▸ **Problem details**: Verbatim copy without images: return all of the data as it stands.
[Opening Recorded data section]
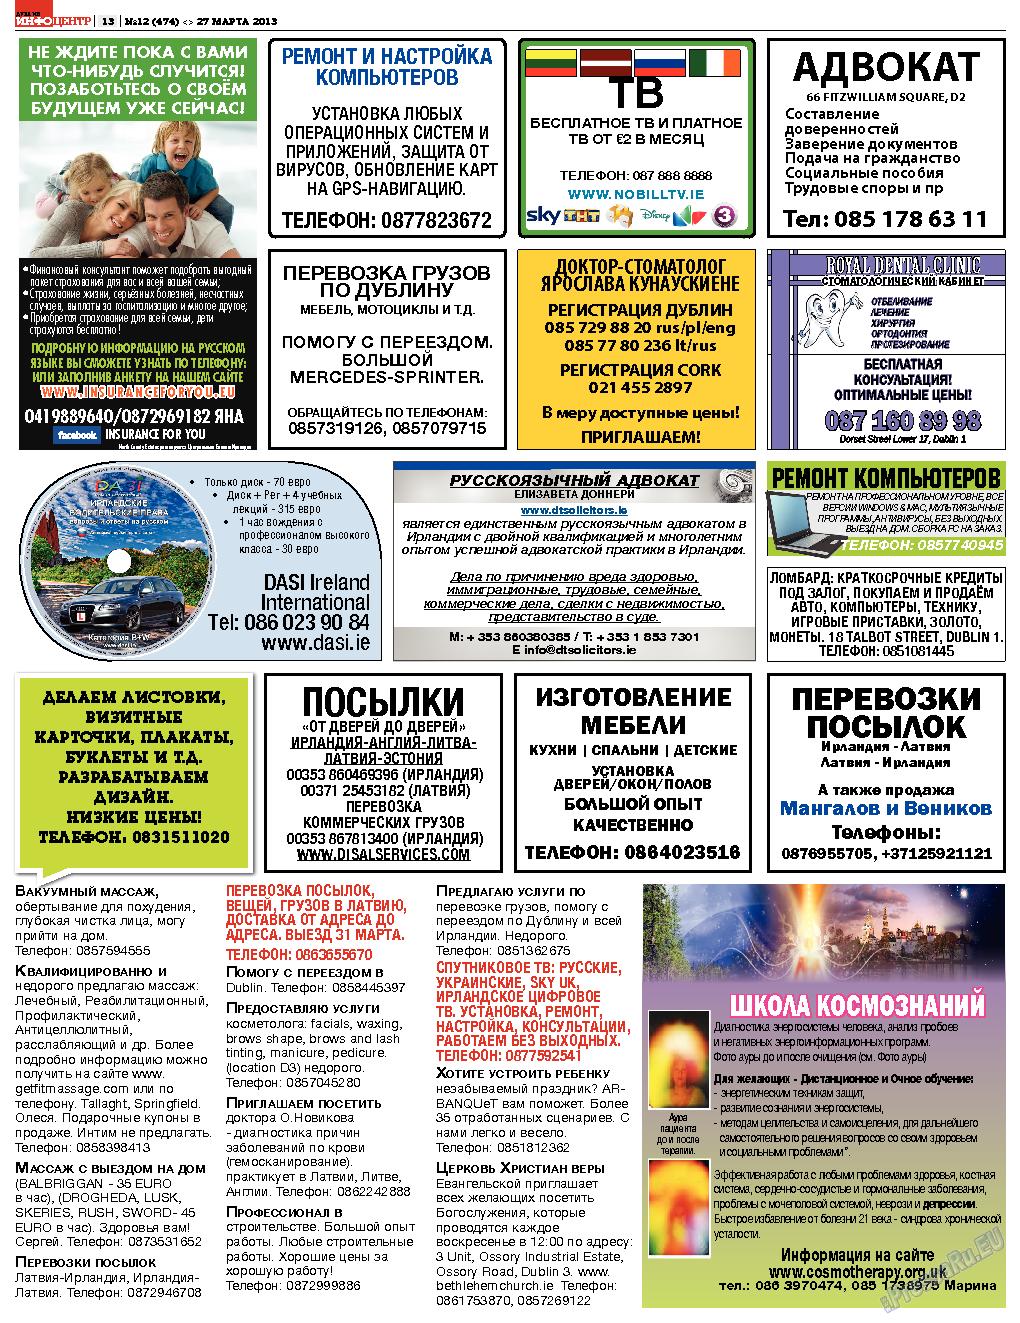 Дублин инфоцентр (газета). 2013 год, номер 12, стр. 13
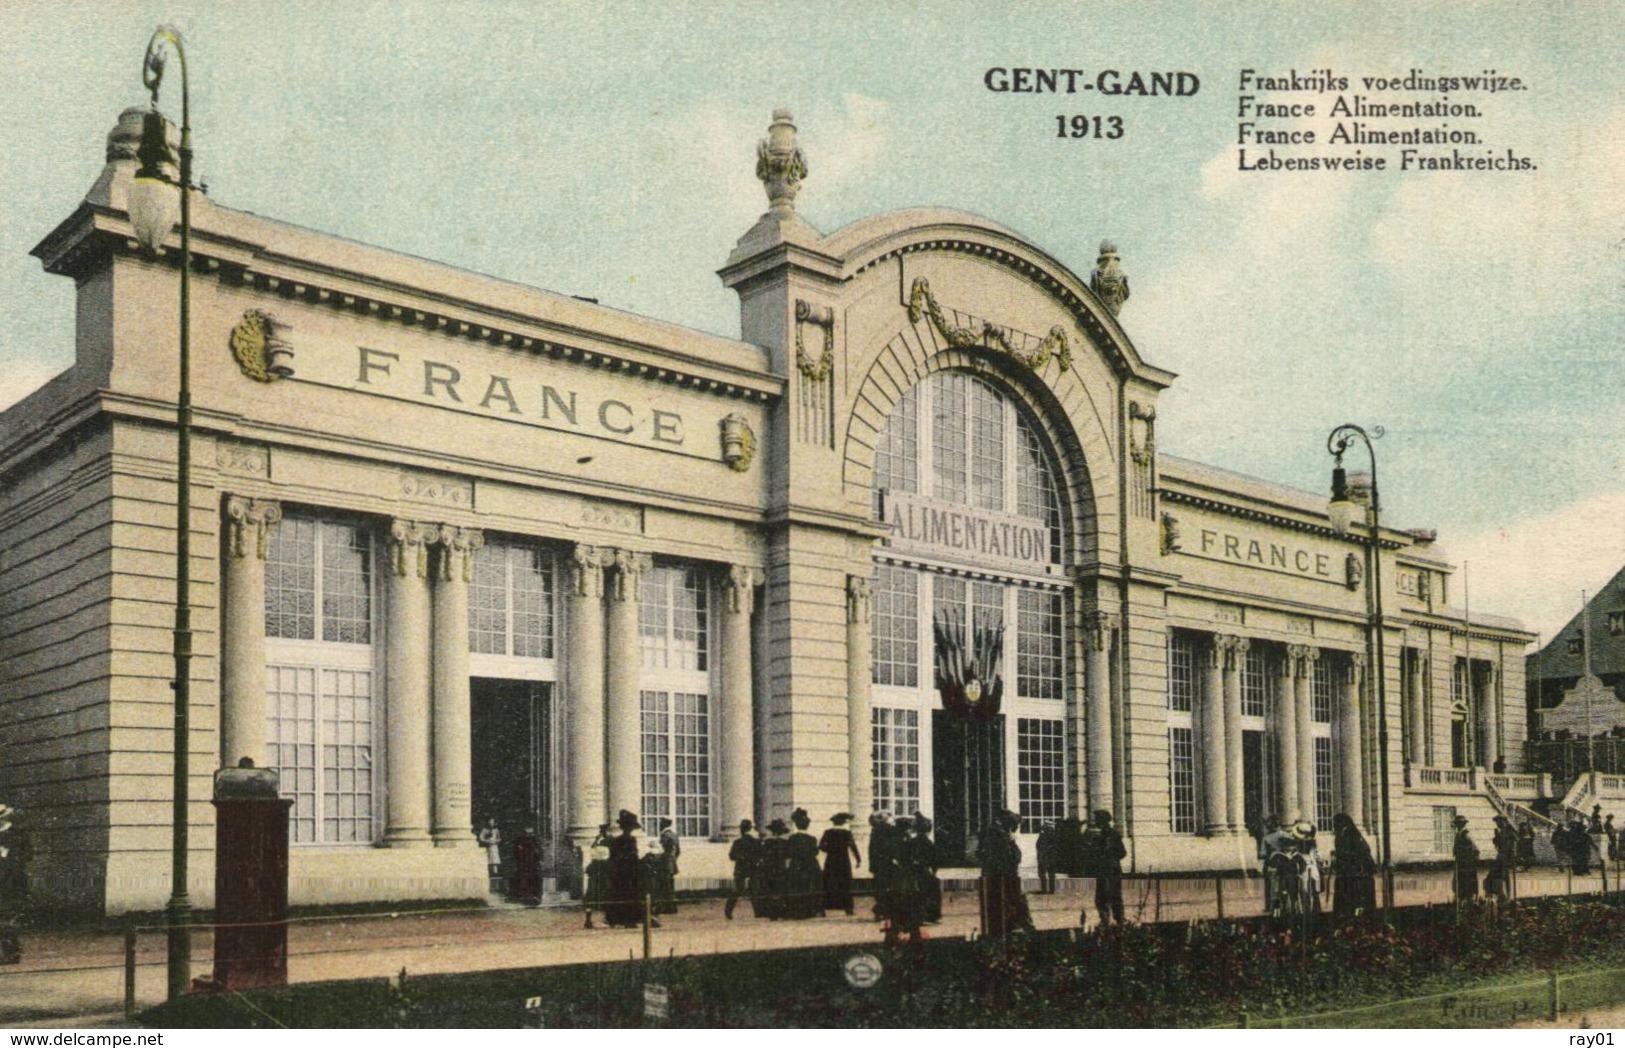 BELGIQUE - FLANDRE ORIENTALE - GENT - GAND - 1913 - France Alimentation - Frankrijks Voedingswijze. - Expositions
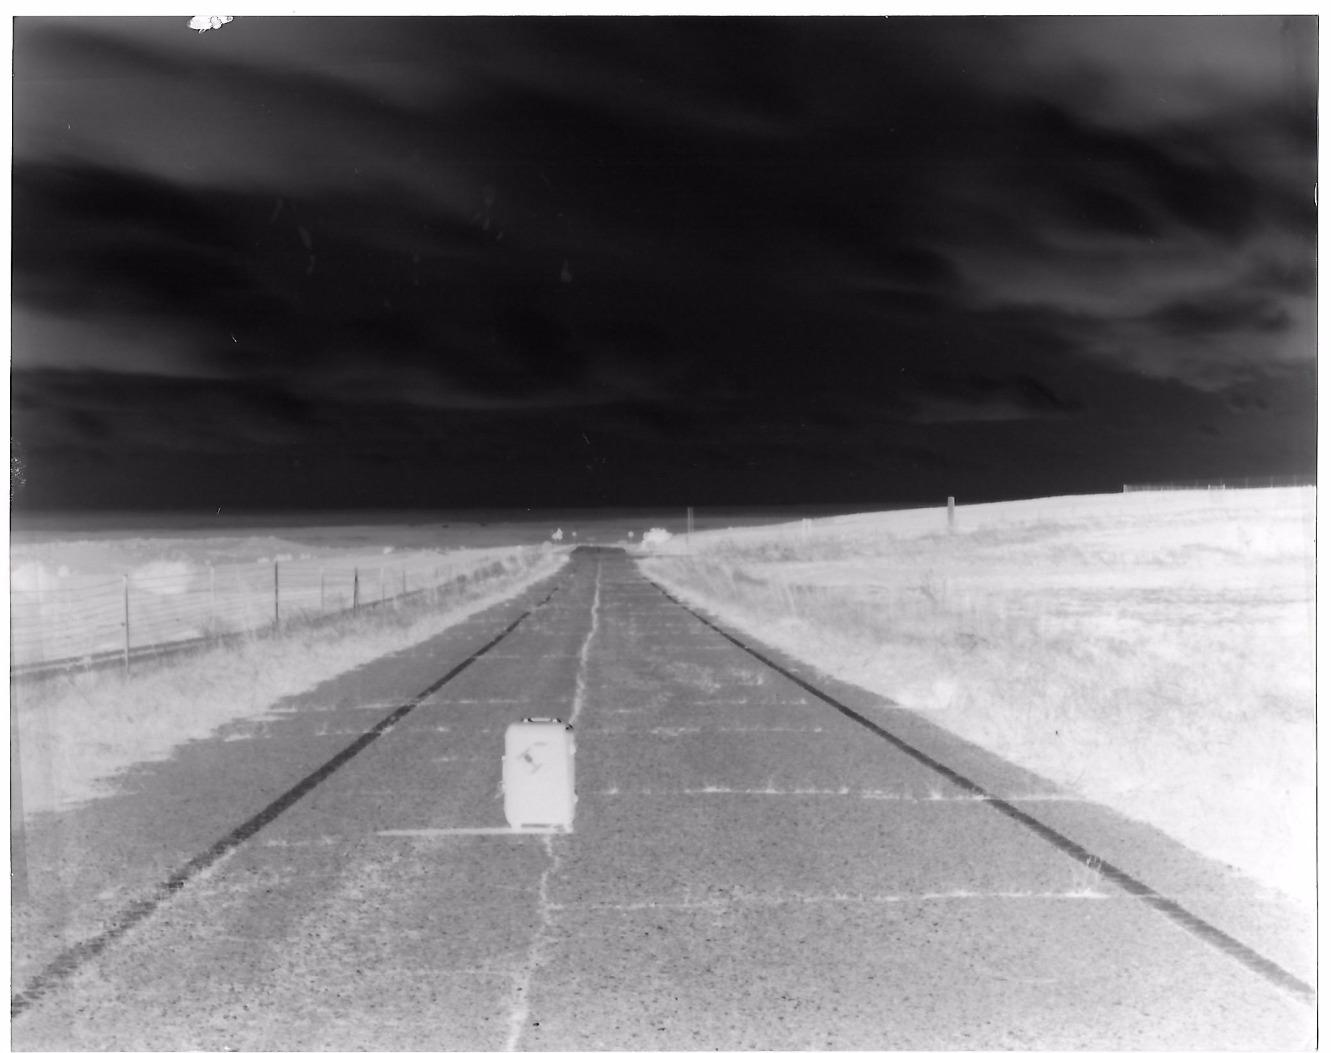 Road_edited
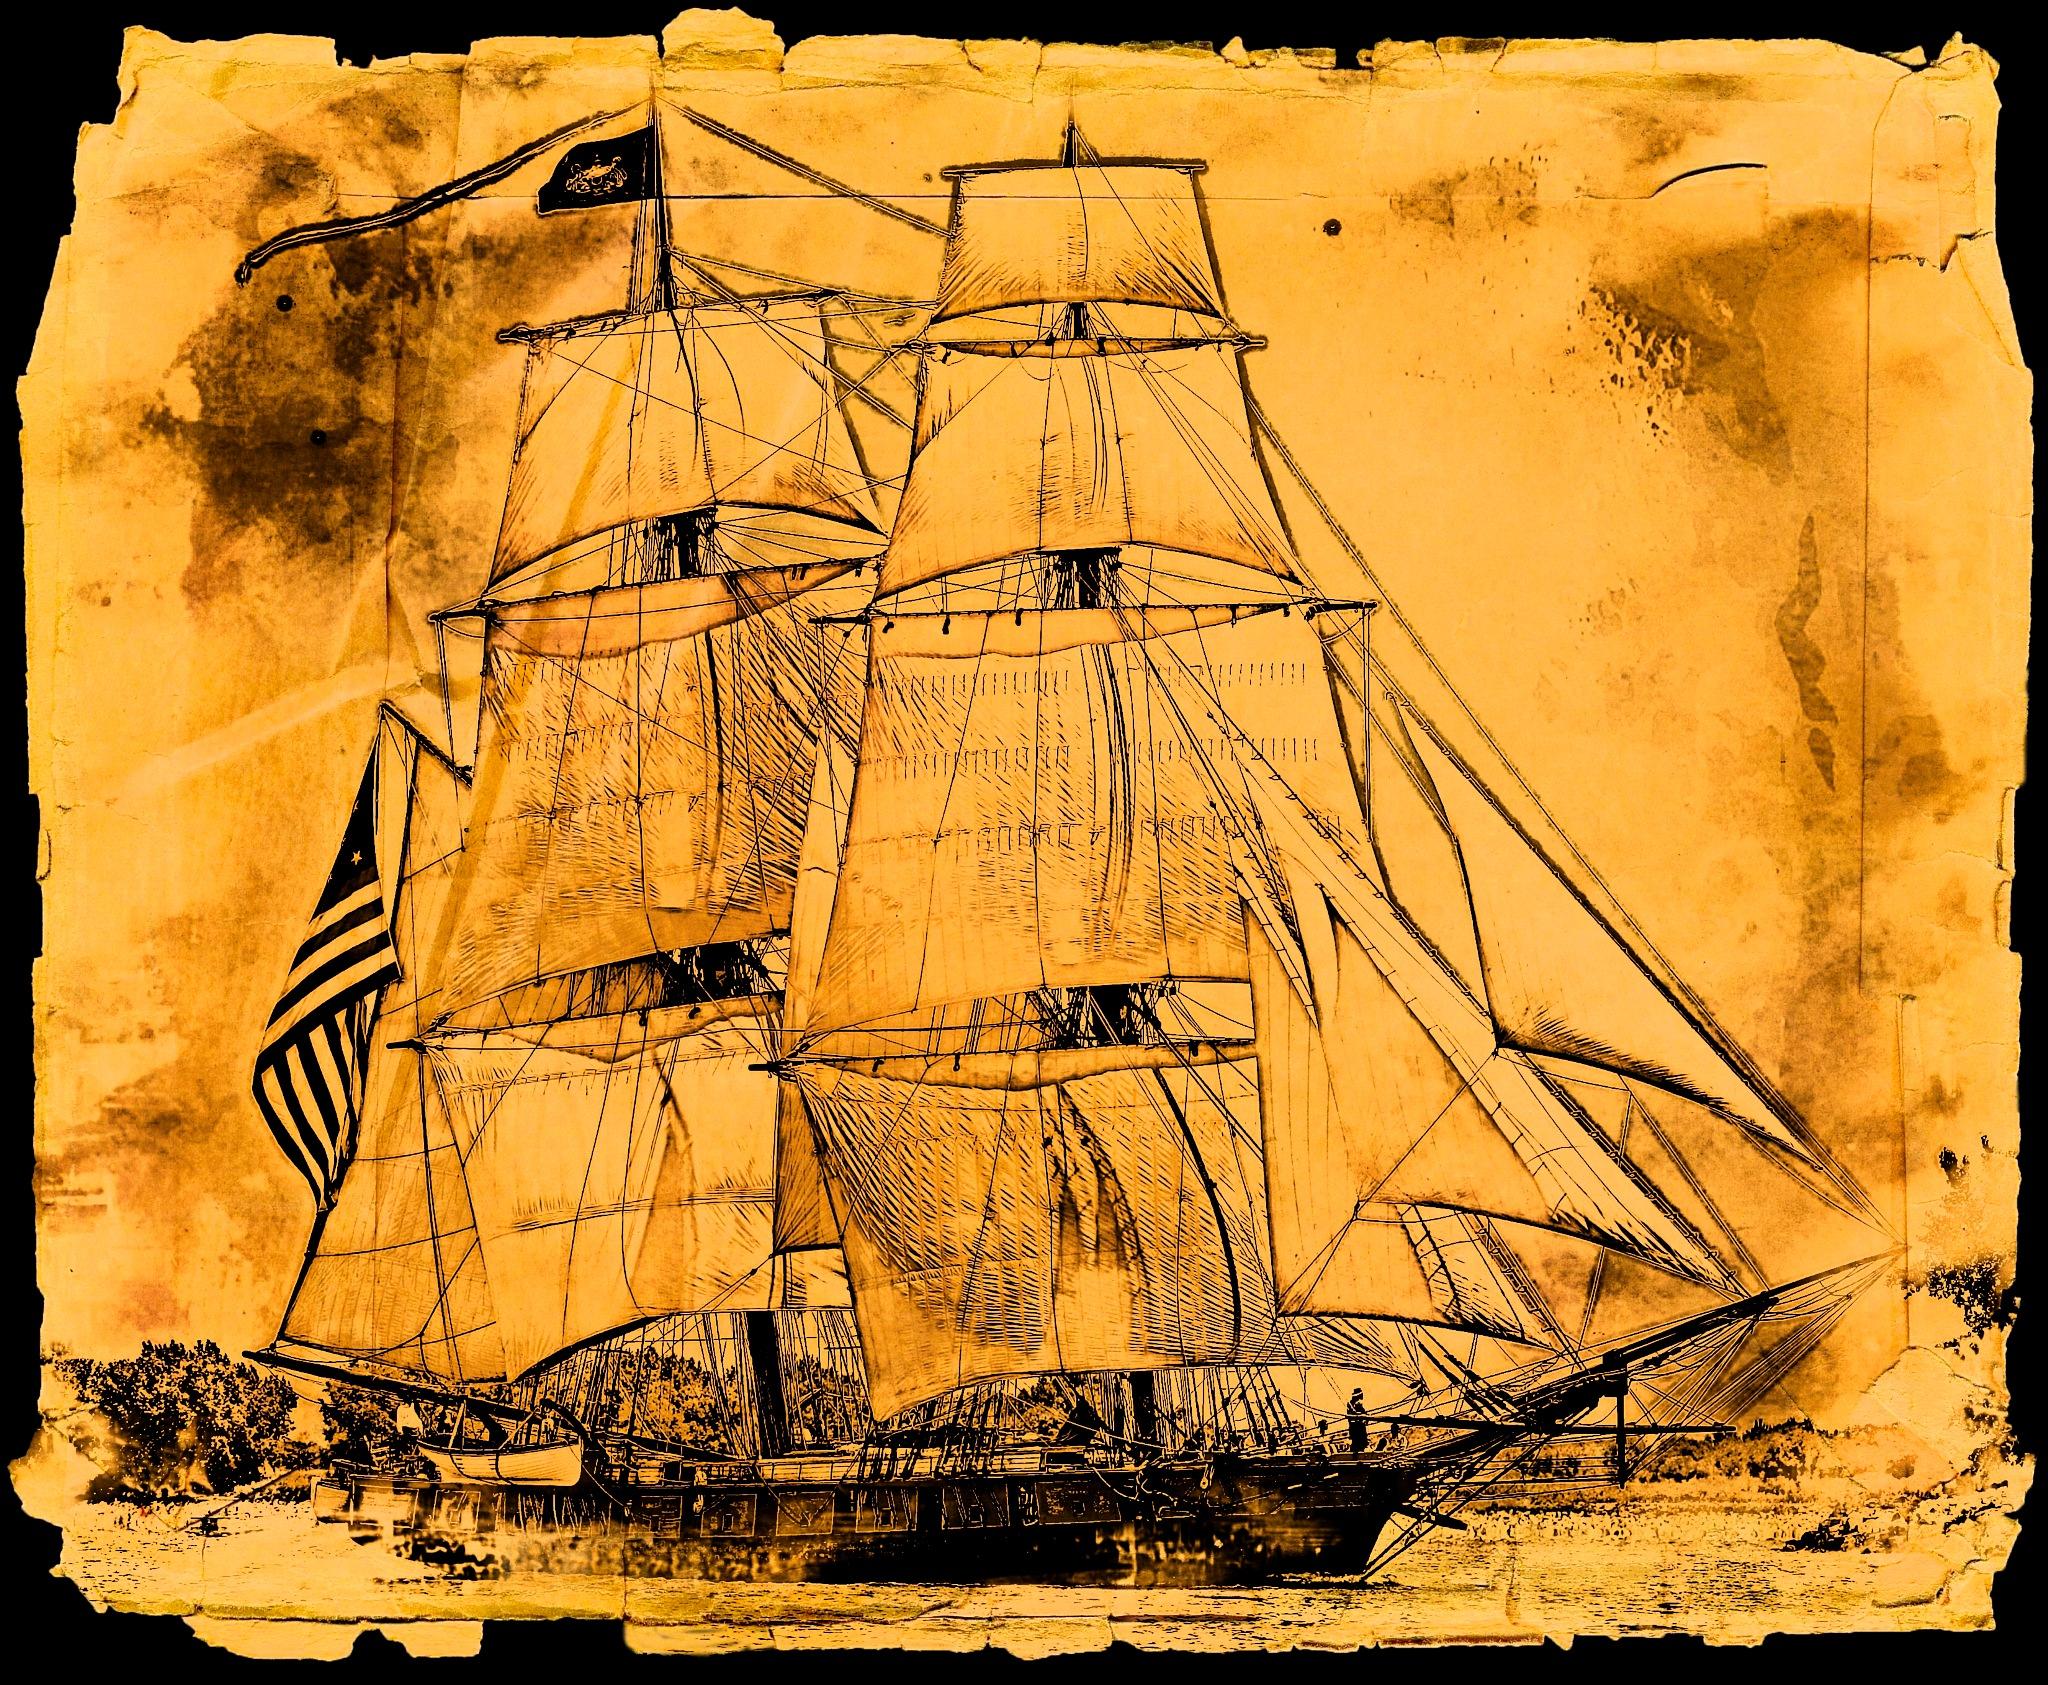 Tall Sailing Ship by Brigitte Werner
[Closing Recorded data section]
▸ **Reply to the task**:
 Дублин инфоцентр (газета). 2013 год, номер 12, стр. 13
 BELGIQUE - FLANDRE ORIENTALE - GENT - GAND - 1913 - France Alimentation - Frankrijks Voedingswijze. - Expositions
 Road_edited
 Tall Sailing Ship by Brigitte Werner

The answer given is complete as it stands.